8.4 Debugging
The CHR debugging facilities are currently rather limited. Only tracing is currently available. To use the CHR debugging facilities for a CHR file it must be compiled for debugging. Generating debug info is controlled by the CHR option debug, whose default is derived from the SWI-Prolog flag generate_debug_info. Therefore debug info is provided unless the -nodebug is used.
8.4.1 Ports
For CHR constraints the four standard ports are defined:- call
- A new constraint is called and becomes active.
- exit
- An active constraint exits: it has either been inserted in the store after trying all rules or has been removed from the constraint store.
- fail
- An active constraint fails.
- redo
- An active constraint starts looking for an alternative solution.
In addition to the above ports, CHR constraints have five additional ports:
- wake
- A suspended constraint is woken and becomes active.
- insert
- An active constraint has tried all rules and is suspended in the constraint store.
- remove
- An active or passive constraint is removed from the constraint store.
- try
- An active constraint tries a rule with possibly some passive constraints. The try port is entered just before committing to the rule.
- apply
- An active constraint commits to a rule with possibly some passive constraints. The apply port is entered just after committing to the rule.
8.4.2 Tracing
Tracing is enabled with the chr_trace/0 predicate and disabled with the chr_notrace/0 predicate.
When enabled the tracer will step through the call
,
exit
, fail
, wake
and apply
ports, accepting debug commands, and simply write out the other ports.
The following debug commands are currently supported:
CHR debug options: <cr> creep c creep s skip g ancestors n nodebug b break a abort f fail ? help h help
Their meaning is:
- creep
- Step to the next port.
- skip
- Skip to exit port of this call or wake port.
- ancestors
- Print list of ancestor call and wake ports.
- nodebug
- Disable the tracer.
- break
- Enter a recursive Prolog top level. See break/0.
- abort
- Exit to the top level. See abort/0.
- fail
- Insert failure in execution.
- help
- Print the above available debug options.

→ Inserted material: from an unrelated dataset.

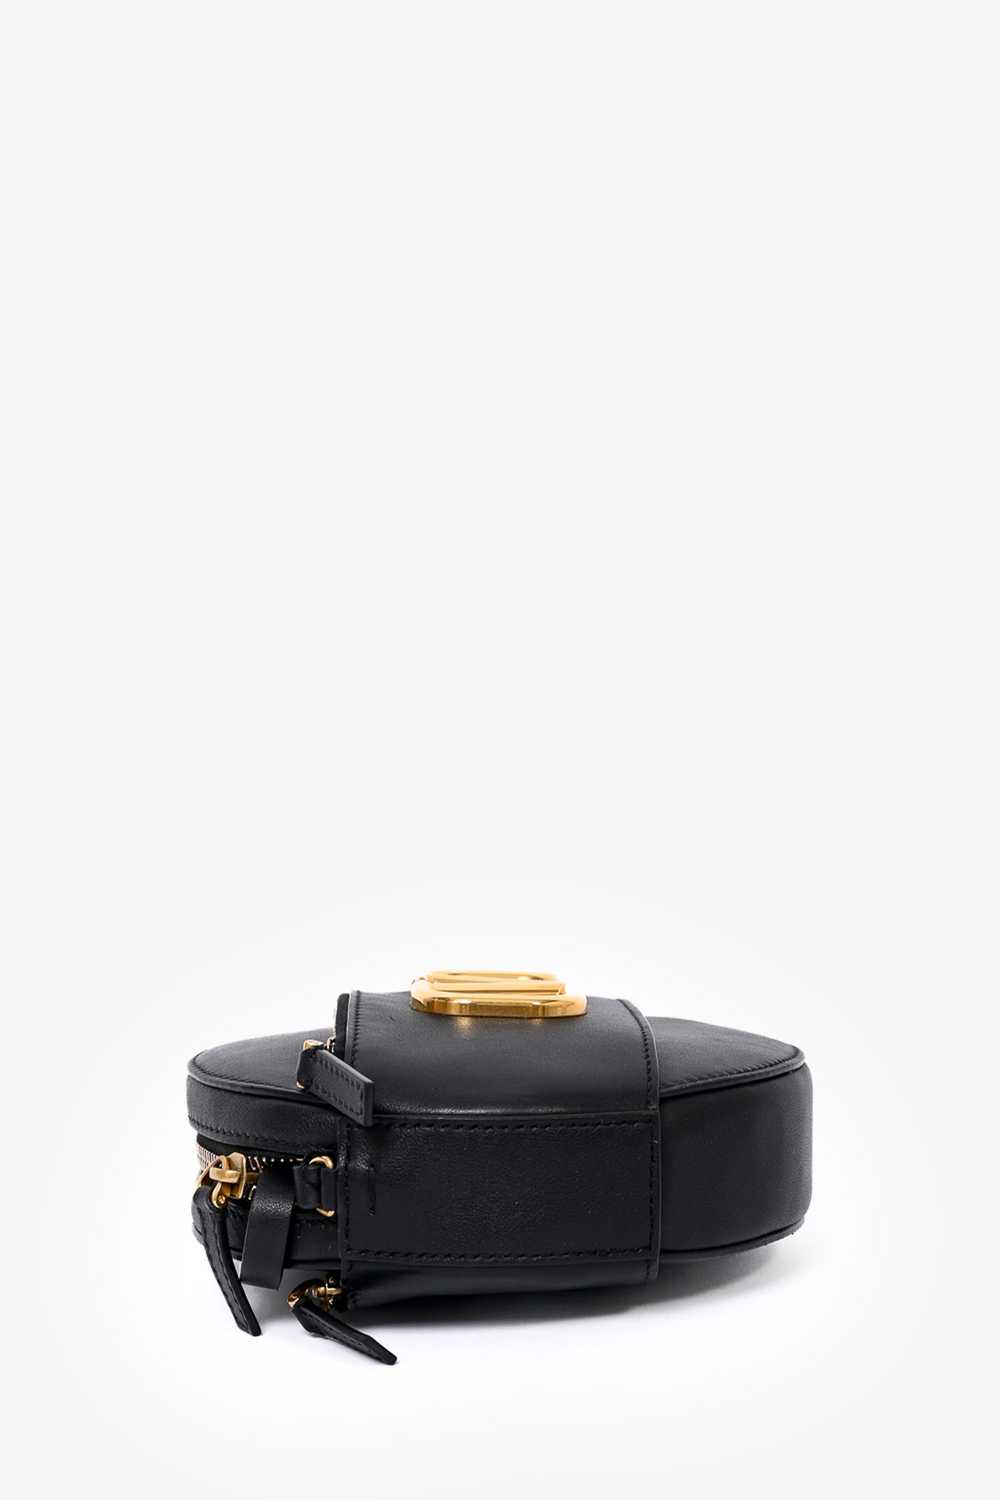 Valentino Black Leather Round V-Logo Crossbody Bag - image 7

8.4.3 CHR Debugging Predicates
Thelibrary(chr)
module
contains several predicates that allow inspecting and printing the
content of the constraint store.
- chr_trace
- Activate the CHR tracer. By default the CHR tracer is activated and deactivated automatically by the Prolog predicates trace/0 and notrace/0.
- chr_notrace
- Deactivate the CHR tracer. By default the CHR tracer is activated and deactivated automatically by the Prolog predicates trace/0 and notrace/0.
- chr_leash(+Spec)
- Define the set of CHR ports on which the CHR tracer asks for user
intervention (i.e. stops). Spec is either a list of ports as
defined in section 8.4.1
or a predefined `alias'. Defined aliases are:
full
to stop at all ports,none
oroff
to never stop, anddefault
to stop at thecall
,exit
,fail
,wake
andapply
ports. See also leash/1. - chr_show_store(+Mod)
- Prints all suspended constraints of module Mod to the
standard output. This predicate is automatically called by the
SWI-Prolog top level at the end of each query for every CHR module
currently loaded. The Prolog flag
chr_toplevel_show_store
controls whether the top level shows the constraint stores. The valuetrue
enables it. Any other value disables it. - find_chr_constraint(-Constraint)
- Returns a constraint in the constraint store. Via backtracking, all constraints in the store can be enumerated.